There are two main reasons for such a move. First is that higher lending rates result in costlier borrowing, which is a negative factor for higher risk companies. Below is a chart of iShares Barclays 3-7 Year Treasury Bond (NYSEARCA:IEI) over SPDR Barclays High Yield Bond (NYSEARCA:JNK). This indicator represents the yield spread between high yield credit, and U.S. Treasuries. When the indicator rises, it signals an expanding spread.
What can be derived from the chart is that credit markets have been in a cautious mood since the end of 2014. While U.S. lending rates are only now beginning to rise, the anticipation of tighter policy, beginning in 2014, sparked a selloff in high yielding assets. On top of that, debt prices of energy producers have been under pressure as oil prices crashed over the last year. With energy companies' potential inability to fulfill debt obligations, credit risk has spiked, also contributing in the selloff of high yielding debt.
Furthermore, along the lines of both lower commodity prices, and tighter monetary policy in the U.S., emerging market debt prices have similarly declined. The chart below is of iShares Barclays 3-7 Year Treasury Bond over iShares JPMorgan USD Emerging Markets Bond (NYSEARCA:EMB). When the indicator rises, it signals the yield spread between emerging market debt and Treasuries is widening. In 2011, emerging market assets declined as the global economy faced a double-dip slowdown in the years following the financial crisis. This led to a spike higher in credit yields. This time around, however, the rise in yields looks to be more permanent. Commodity prices have collapsed in the past year, diminishing growth prospects for many emerging market economies that are reliant on commodity production. This is leading to ever increasing debt to GDP ratios, raising credit risk.

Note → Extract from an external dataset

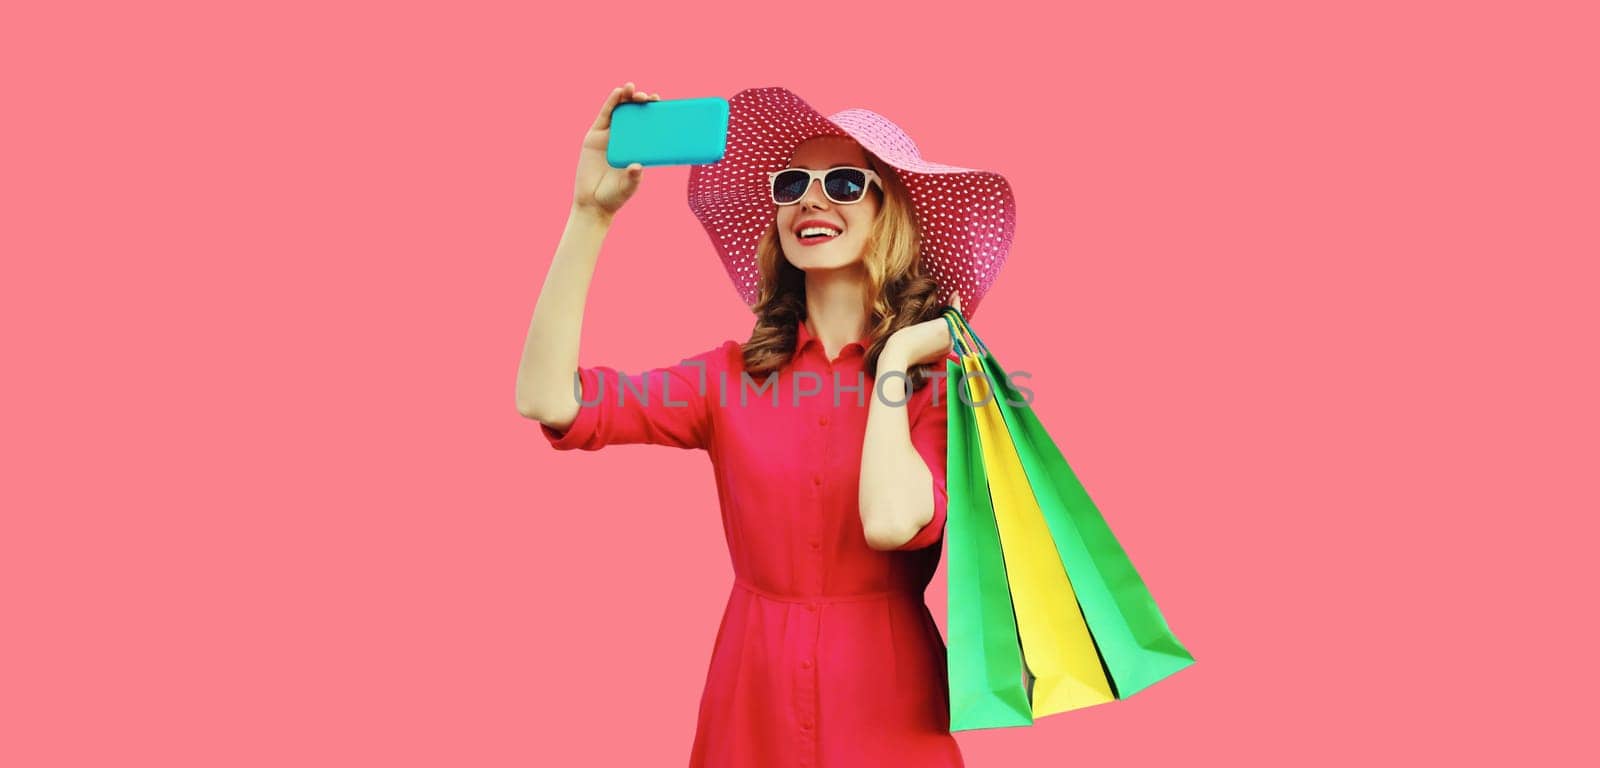 Beautiful happy smiling young woman model taking selfie with mobile phone holding colorful shopping bags in summer straw hat, dress on pink background

Additionally, the stronger U.S. dollar and higher lending rates are making borrowing for emerging markets more difficult, especially for those countries looking to tap into developed economies credit markets.
The confluence of factors weighing on both high yield and emerging market debt is the reason for heightened volatility among global financial markets. The reasons for such volatility look to last for at least the next year, meaning the current trend in credit markets looks to remain intact. For this reason, expect credit markets to remain weak, making them unattractive investing opportunities. While both EMB and JNK have already fallen considerably in recent months, there may still be downside left, making both assets attractive short positions to hold over the next year.